Tuesday, August 21, 2012

Birthing Our Boy

I went in for my post-partum visit this past Thursday and my doctor asked me if we were planning on having another baby. She's so funny. I really had to chuckle while I gave her my response. I just had a baby. Actually, she also sorta laughed considering what I went through to deliver this little guy. I said that at this point we're happy with two and how I don't think I want to go through another baby surprising us with his/her position at the last minute. She understood and then commented that perhaps there's something funny about the shape of my pelvic bones. Perhaps. Or maybe we have some silly children who love moving around. I think it's the kids.
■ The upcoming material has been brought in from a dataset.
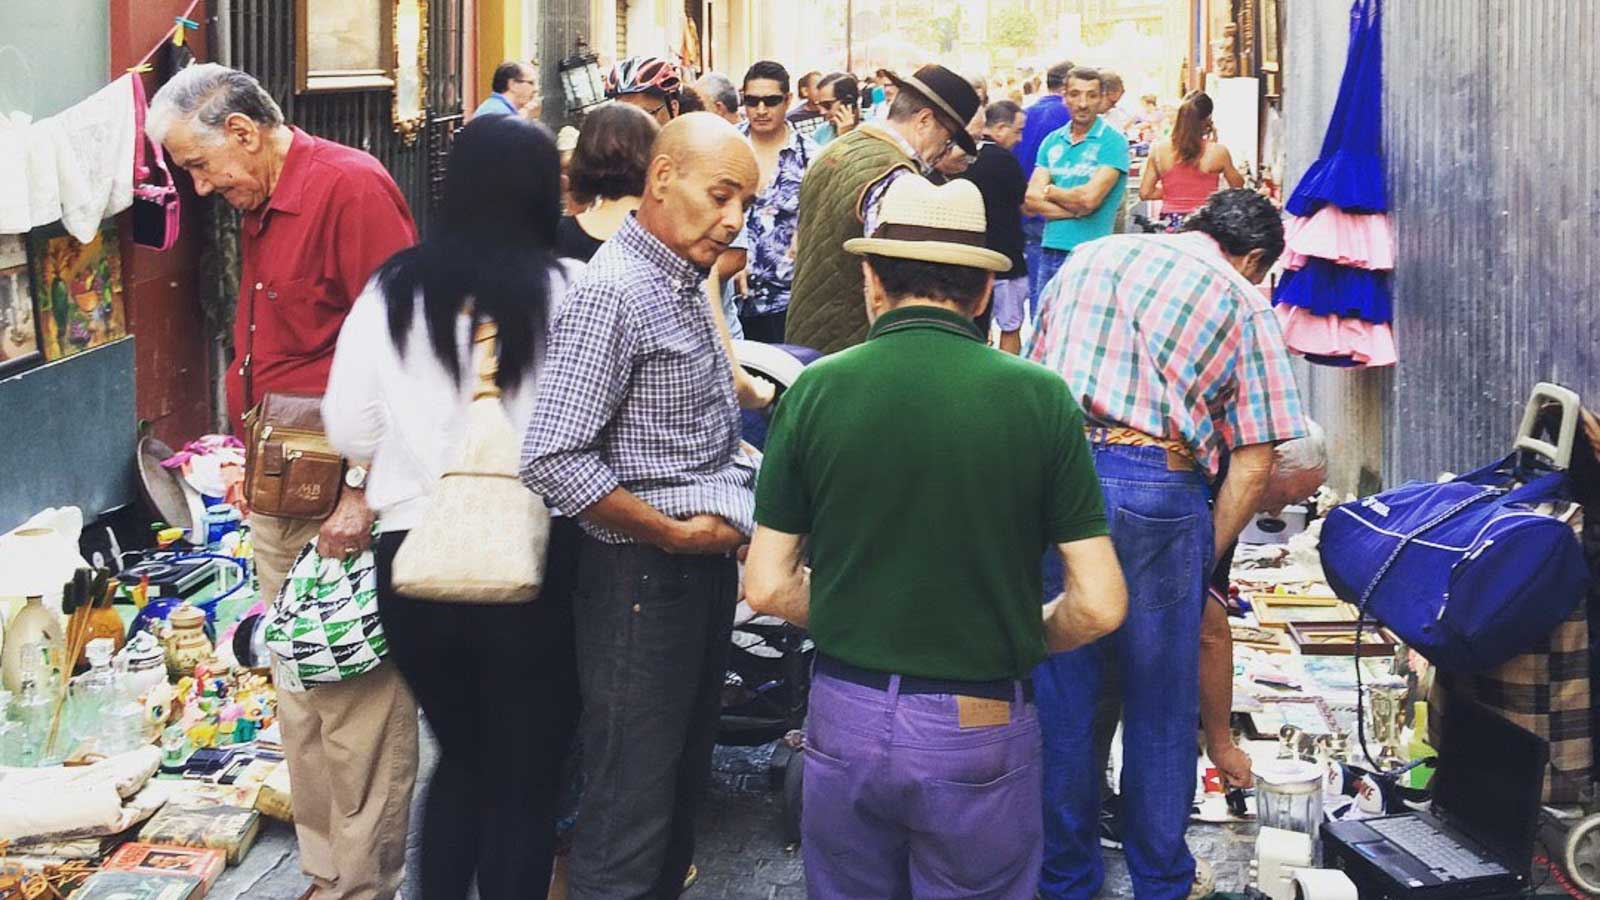 seville feria street craft market
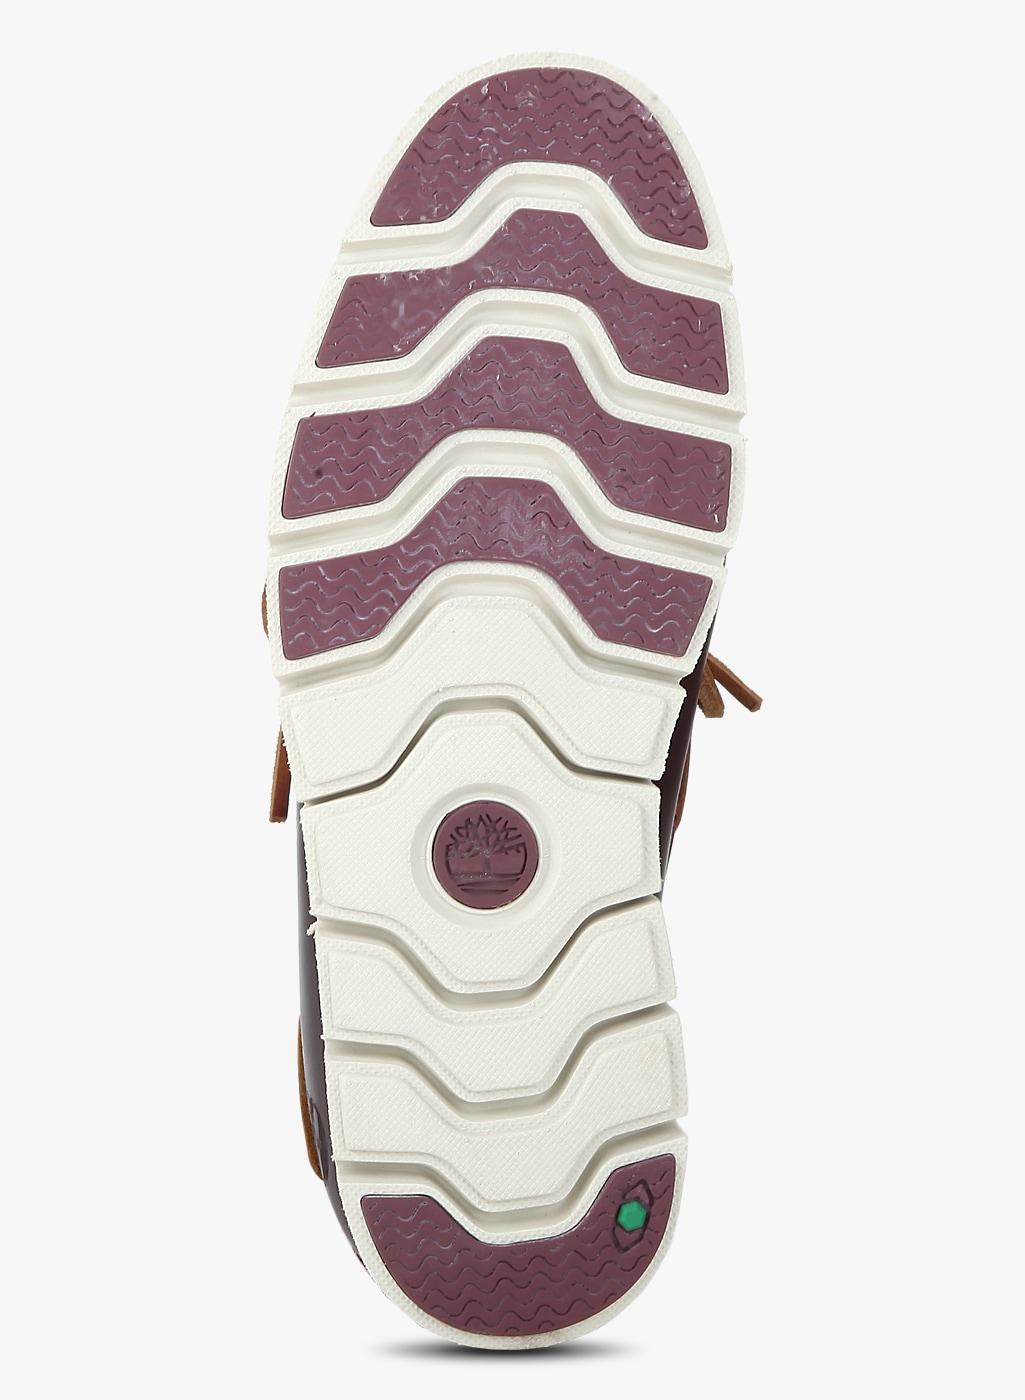 b082b0b8dc2b6 Men Boat Shoes Gas Timberland - Buy Men Boat Shoes Gas Timberland online in  India - Jabong

For WEEKS I had been having contractions. They started off mild, more of a tightening like Braxton Hicks, nothing major, but definitely contractions. The first weekend they started Eric was convinced the baby was going to make his appearance. I, on the other hand, was not as optimistic. I didn't want to get my hopes up and I just had a feeling. They came on very regularly, 5 minute intervals for hours and then tapered off and disappeared into the night. The next day they would come back, again, regular, continuous. But nothing that would make me believe it was time. That first weekend our neighbor came over to decipher my contractions since she just had a baby a few months ago and determined that my contractions where like the painless ones she'd had that actually led to her quick and easy delivery. Oh, how I hoped mine would turn out the same! 

I called the advice nurse that first weekend the contractions started to get her opinion on my status since we were going to be driving an hour away for a wedding and she believed that these contractions would lead to my delivery within a week. I made it through that week.

At my appointment at the end of that week, my doctor believed she'd probably be seeing/hearing about me having the baby within the next week. Yup, made it through that week as well. Contractions coming and going, but not increasing in frequency. Great.

At this point, it had been two weeks and I was a mere week from my due date. On the Monday of that week, the contractions were stronger and were coming every 5 minutes. Okay, I thought, let's call and see what they say. Off we went to L&D around 5PM. They checked me, 3.5cm. Not enough to admit. We waited and walked for two hours and still no change; back home we went. Bummer. 

Somehow, the contractions did not keep me awake that night and I slept soundly. When I woke up the contractions were still there, still painful, still 4-5 minutes apart. I did not want to go in and have them send me back home again. But, at 1PM, after walking to the library and having to stop every few minutes, I finally decided to call again. The nurse agreed we should go back, BUT...there was no room! Ahhhh! They were going to send us all the way to Redwood City but at the last minute the nurse decided they'd make it work. Thank goodness.

We were admitted for observation and again am told I haven't progressed. Oh, man. At this point I start crying, am feeling very frustrated, and tell Eric I want to go home. He convinces me we should stay because they will check me after two hours before they will send us home again. I begrudgingly decide to stay even though I'm not feeling optimistic; despite the fact that my contractions were definitely getting stronger and more painful.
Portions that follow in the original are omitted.